The linchpin of the agreement is a provision calling for the creation, within the next three years, of a new kind of governing body at each of the district’s 183 schools. These “quality management councils” will include the principal and staff-selected representatives. They’ll have authority to set a wide range of school policies, from curriculum to hiring practices, and they will govern by consensus. If a principal votes against a council’s majority, the members can appeal to a yet-to-be designated committee outside the school made up of union members and administrators.

The change could rub some principals the wrong way. “By and large, we have some administrators who see it right away as a great opportunity and a way to legitimize what they’ve already done,” says Steve Seleznow, associate superintendent for administration. “But if you believe in authoritarian control, in a top-down bureaucracy, or that all knowledge flows from the principal, then you’re not going to like this contract.”

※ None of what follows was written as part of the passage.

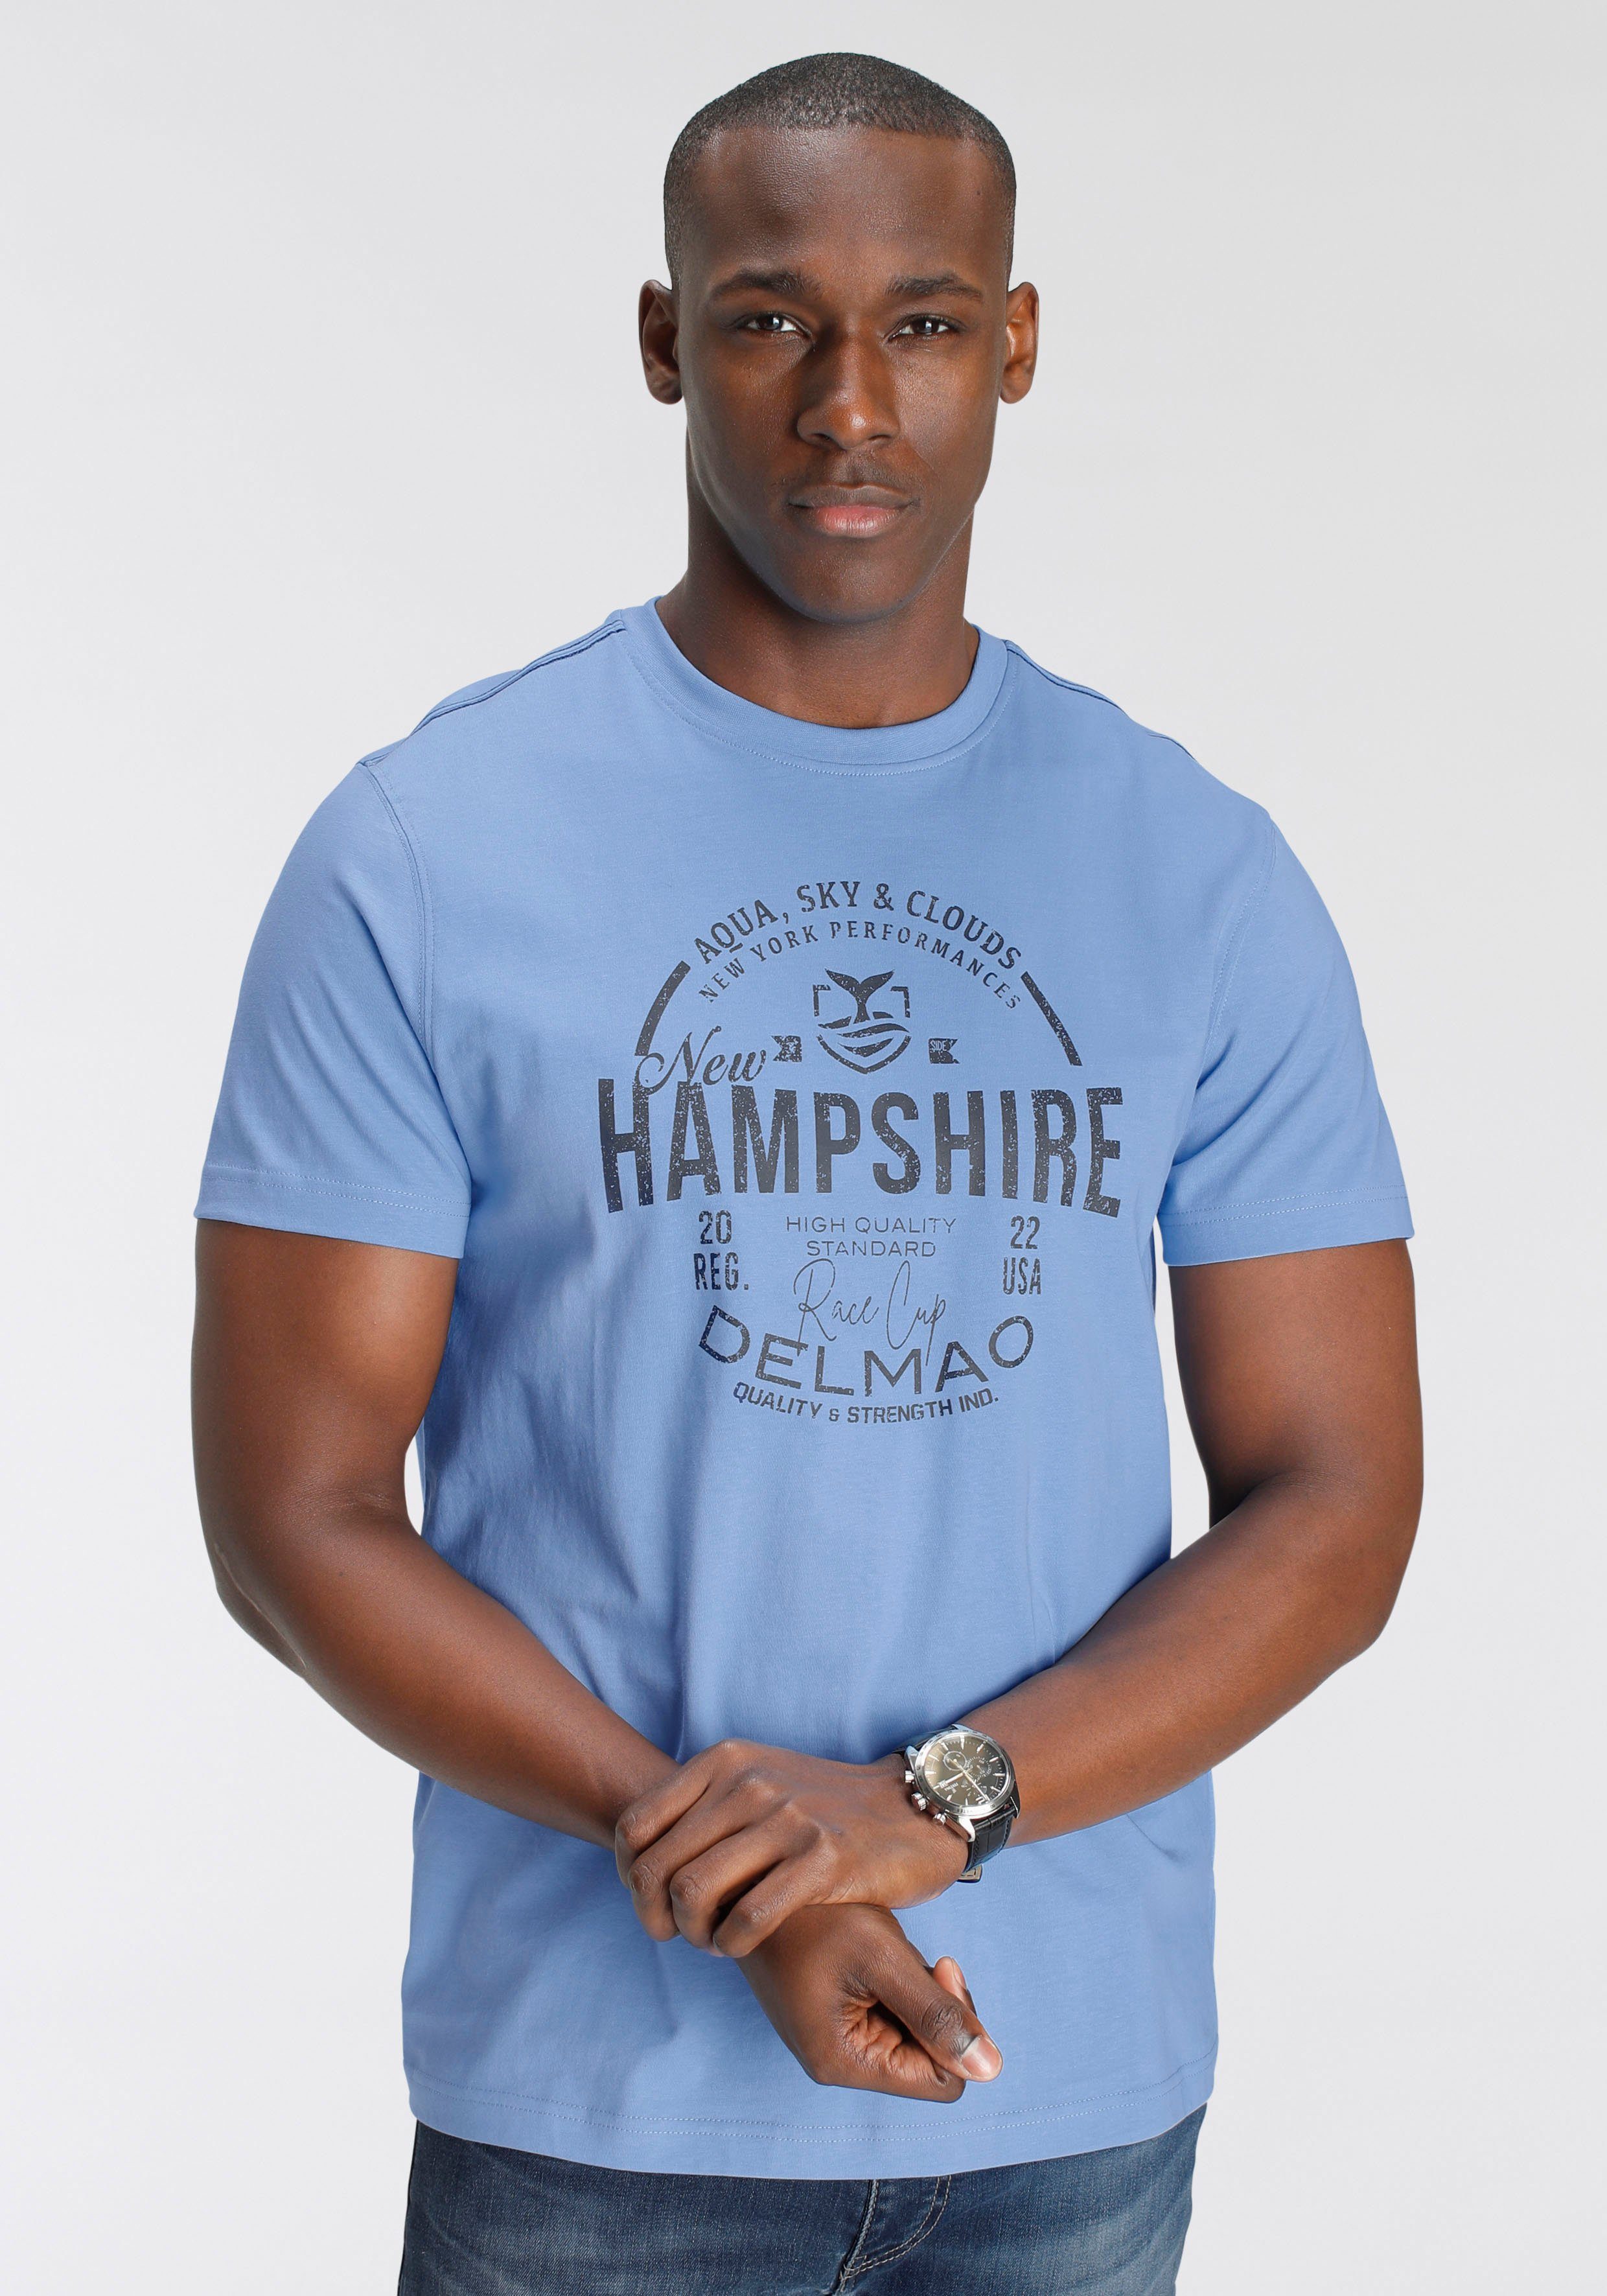 DELMAO T-Shirt mit Brustprint angenehme NEUE MARKE!, pflegleichte für anthrazit - melange) Baumwoll-Qualität/-(Mischung

Not surprisingly, the contract has produced some dissension. Two of seven school board members and about 25 percent of the teachers voted against the pact. And some parents have voiced concern that it doesn’t guarantee them a spot on the councils.

“Our site-based decisionmaking policy is very clear that all stake-holders must be involved as full partners, and the current MCEA contract doesn’t do that,” says Mona Signer, a board member who voted against the agreement. Signer also argues that despite its emphasis on accountability, the contract doesn’t include real consequences should the school councils or their members fail to achieve their goals.

Many of the objections Simon has had to address in recent weeks have come from his own members. “I’m not sure people haven’t been taken a little off guard,” says Alice McGinnis, an elementary school music teacher who voted for the contract. “We knew something different was being negotiated, but I don’t think anybody fathomed this much. There’s a sense in which we’re playing catch up, and everyone is nervous about the nuts and bolts.”

Since the February vote, union leaders have been visiting small groups of teachers to make sure they understand how the contract is supposed to work. Repeatedly, teachers ask how they’ll find time to participate on councils and what will happen if their principals don’t cooperate.

John Wehrle, a high school history teacher, says the union should have concentrated more on getting a better compensation package—the pact includes a modest 2.4 percent raise—than an agreement that gives teachers new management responsibilities. “The council concept is a nice idea, but it’s just a secondary issue,” says Wehrle, a 30-year district veteran who voted against the contract. “Unions are a way to protect people who don’t have any other protection from management’s whim.”

Simon is not surprised by such comments; he expected a mix of enthusiasm, confusion, and concern. He knows it will take more than a new contract to transform the way things are done in a district that employs more than 15,000 people. “Negotiating the contract was the easy part,” Simon says. “It’s one thing to put things into a document; it’s another to actually bring about a culture change away from a command-and-control management system.”